Project

General

Profile

Actions

action #120786

closed

Jobs are now incomplete when postfail hook fails size:S

Added by ggardet_arm almost 2 years ago. Updated almost 2 years ago.

Status:
Resolved
Priority:
High
Assignee:
Category:
Regressions/Crashes
Target version:
Start date:
2022-11-21
Due date:
% Done:

0%

Estimated time:

Description

Jobs are now incomplete when postfail hook fails.

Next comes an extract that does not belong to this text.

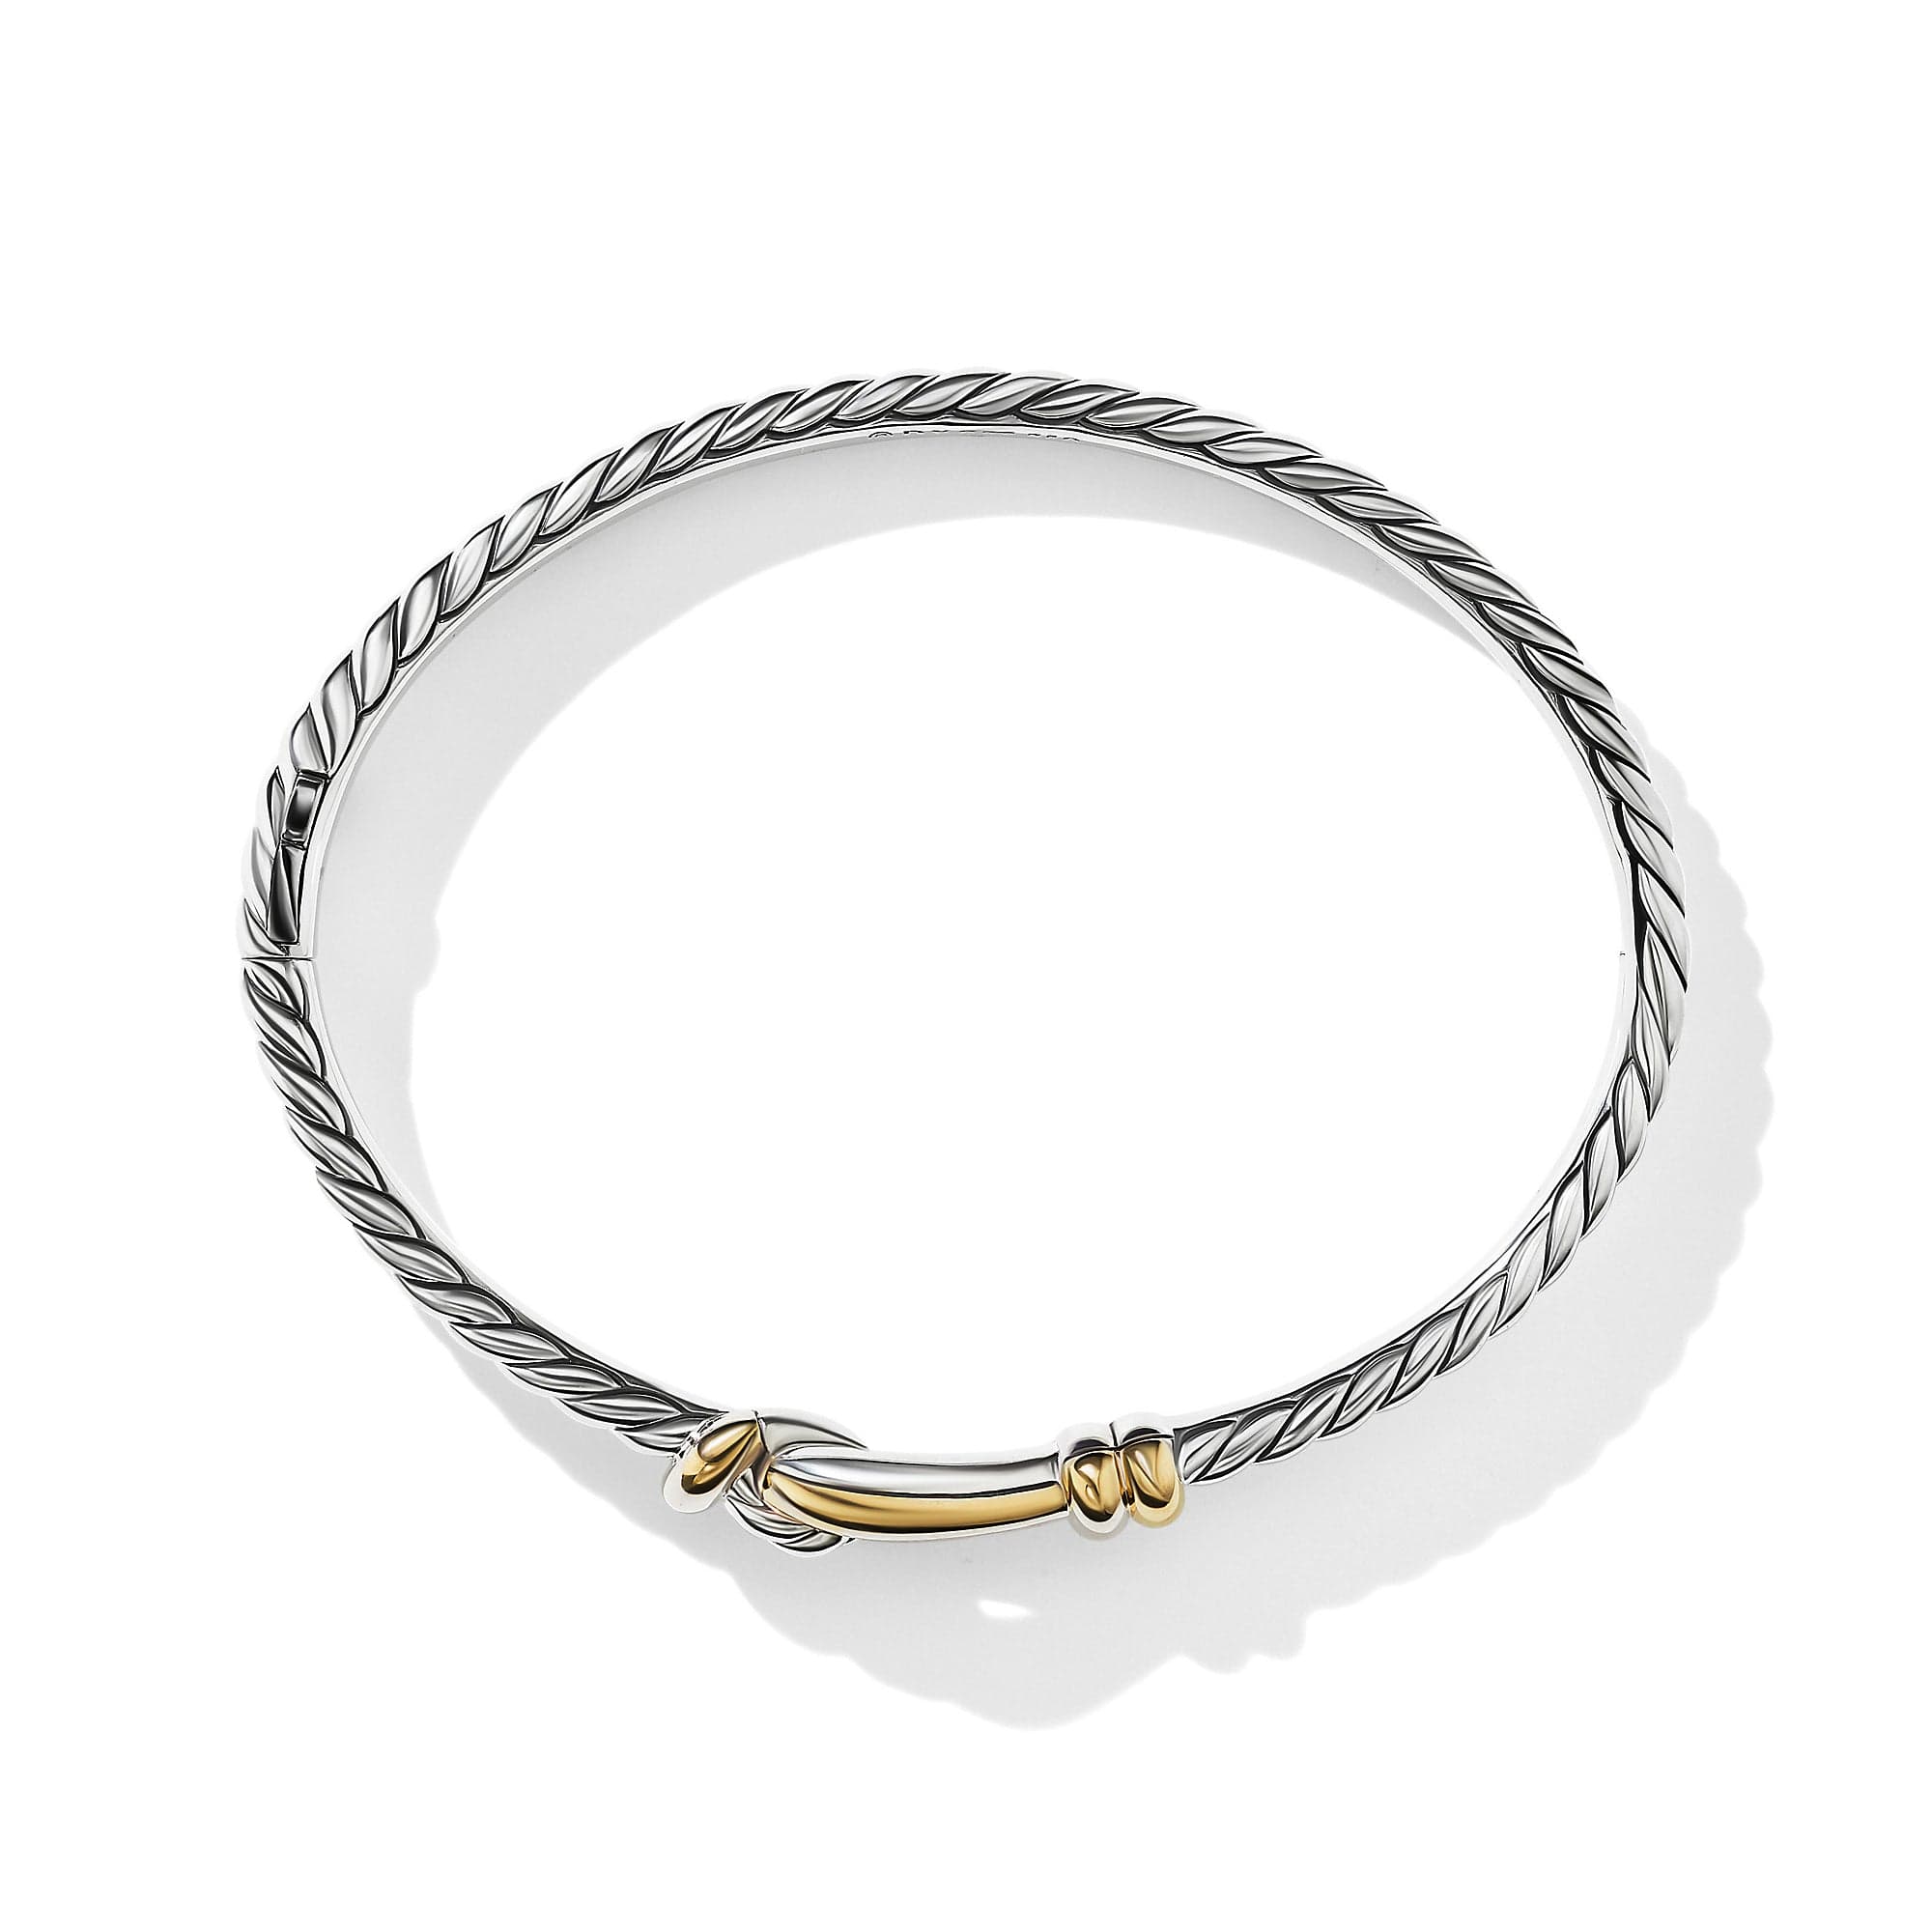 Thoroughbred Loop Bracelet with 18K Yellow Gold, Long's Jewelers
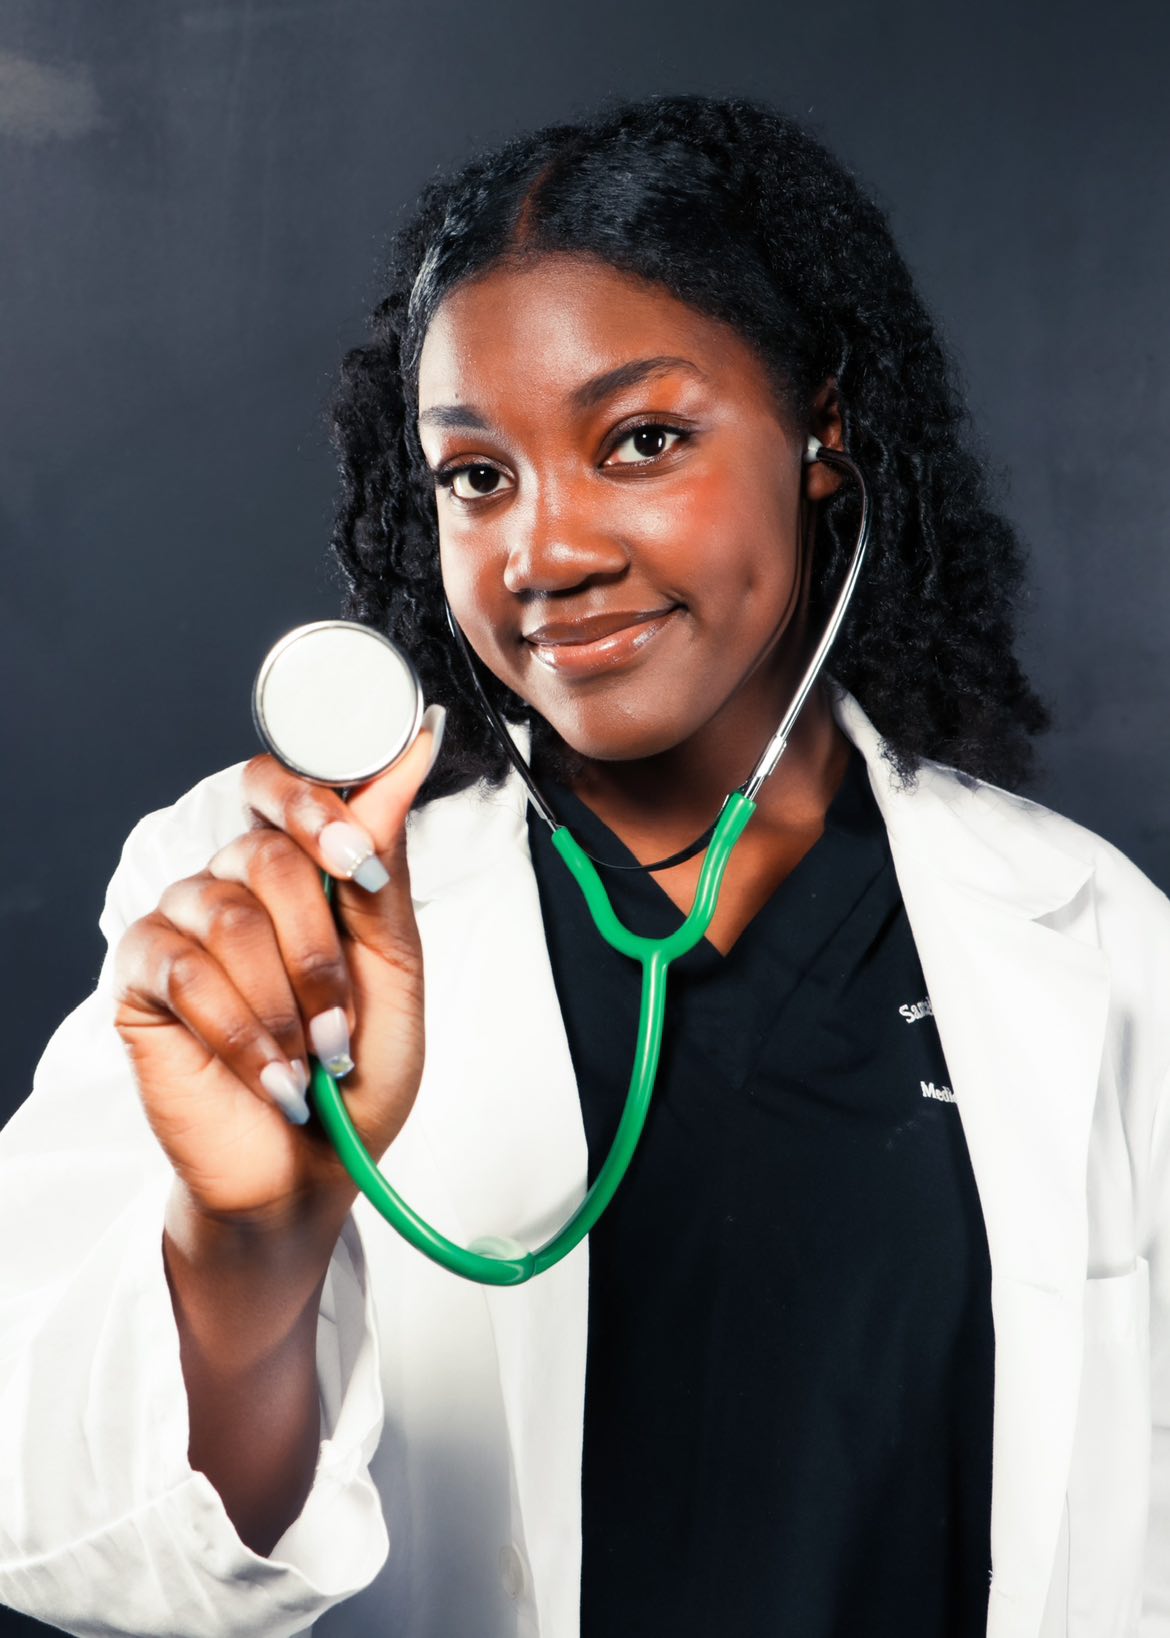 Dainelle Mildorts senior photo showcasing her passion in the medical field.

Related issues 1 (0 open1 closed)

Related to openQA Project - action #81899: Move code from isotovideo to a module size:MResolvedlivdywan2021-01-08

Actions
Actions #1

Updated by okurz almost 2 years ago

  • Category set to Regressions/Crashes
  • Target version set to Ready
Actions #2

Updated by mkittler almost 2 years ago

  • Assignee set to mkittler
Actions #3

Updated by mkittler almost 2 years ago

I first suspected my recent changed for the developer mode but the PR is actually not even merged yet. That means I'm not sure about any recent changes that might cause this.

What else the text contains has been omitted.